These corporate v. corporate cases aren't as clear cut. It's not like: 
Aha!!!! You breached copyright! Off with his head!

So let's look at the practical breaches here:

(A) It's a decompile and rewrite of the header, for code that has been 
public, and free, for years now. Someone has to show damages and its kind of 
difficult to see what kind of damages Oracle is going to claim here. 
Furthermore, this stuff has NEVER been rolled out into android phones which 
is nice, because it means an order by a judge that google makes this stuff 
unaccessible right now is more or less easy for google to do (they'll need 
to call a total freeze on their repo as wiping these files from the entire 
repo history means the ids change, and with that, all clones and such run 
out of sync).

(B) Its a zip file that absolutely nobody uses and was clearly checked in by 
accident (i.e. the same stuff as above applies), _AND_ it wasn't checked in 
by google.
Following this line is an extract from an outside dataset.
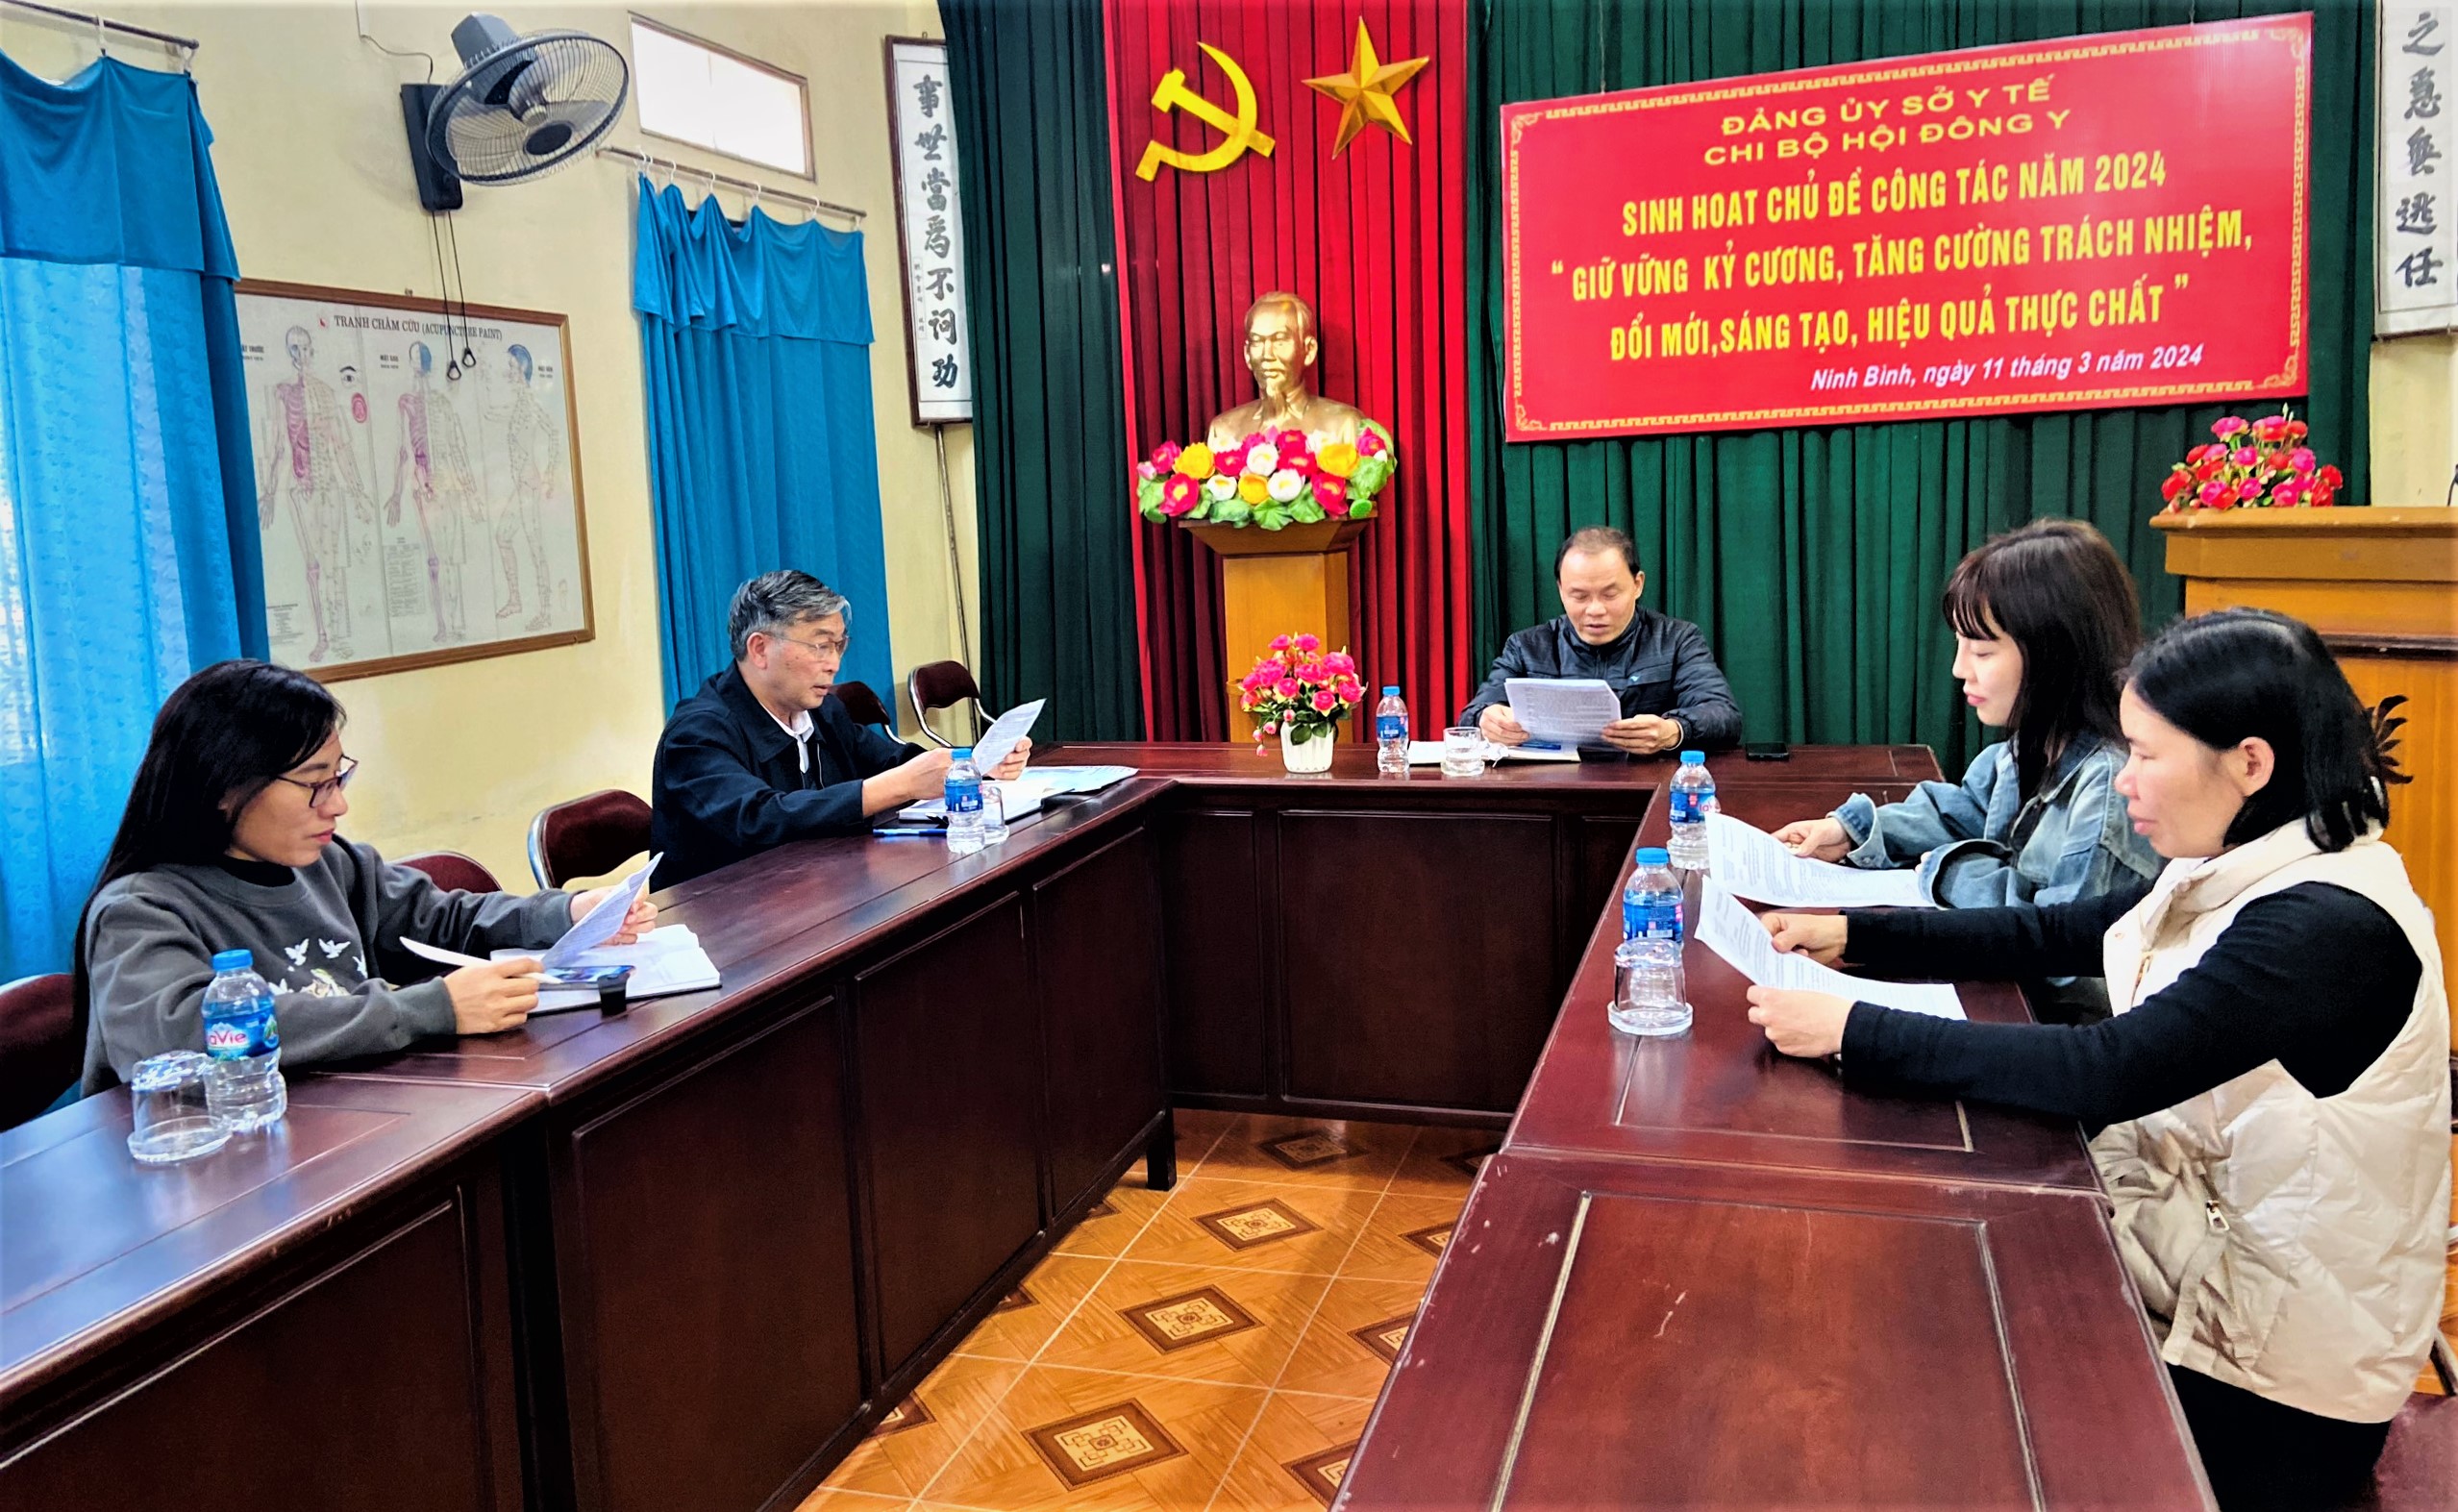 Chi bộ Hội Đông y tỉnh Ninh Bình tổ chức Hội nghị sinh hoạt chuyên đề Chủ đề công tác năm 2024

Insofar as a judge will take intent into consideration, that's 
pretty much all aces for google, and again I don't see how Oracle can claim 
significant damages here. Also not rolled out to android phones and thus any 
order by a judge to stop distribution is as trivial as the previous one.


There's a set fee for a single breach, which is high for individuals, but 
peanuts to google (something well below a million dollars). Possibly they 
have to pay that, if the judgement swings oracle's way on the copyright 
stuff, but it won't go any further. As google can essentially buy off the 
copyright claim and thus strip it from the much more interesting case, it 
practically means a big loss for Oracle: They have to amend their case from 
"google screwed us by using these 8 patents without a license AND they 
copied a bunch of code from us illegally" to just "They screwed us with 
these 8 unlicensed patents".

Also note that accidental checking in / rewriting copyright header is fairly 
common in open source projects and thus all the various legal entities that 
are friends of FOSS will back google at least on the copyright claims, if it 
comes to that. Specifically, any push by Oracle to somehow attempt to equate 
to massive copyright infringement the following:

the accidental check-in of freely available but not BSD-compatible source in 
a repo as a file that isn't actually used or distributed other than via the 
source repo.

Would certainly cause me a near heart attack, and I'm sure it'll do similar: 
Who the What now?!?!!??? reactions in other FOSS repo maintainers. i.e.: 
Massive PR damage for Oracle and big backlash.

Unless they successfully manage to fake out the greater tech populace again 
by claiming this is all part of a much bigger move. Sure, it is, but that 
doesn't give Oracle an excuse, in my opinion, to use legal tactics that 
would actually work just as well on loads of innocuous (open source) 
projects. Once Oracle tests these silly tricks in court and they hold up, 
we're all screwed.

So, for the sake of open source, I continue to believe Oracle should 
massively lose. Even if you ascribe to the theory that google is doing 
incalculable damage to the java brand and "Write Once, Run Anywhere" 
concept, this holds, because open source is more important than java.

NB: The usual I'm Not A Lawyer disclaimer applies.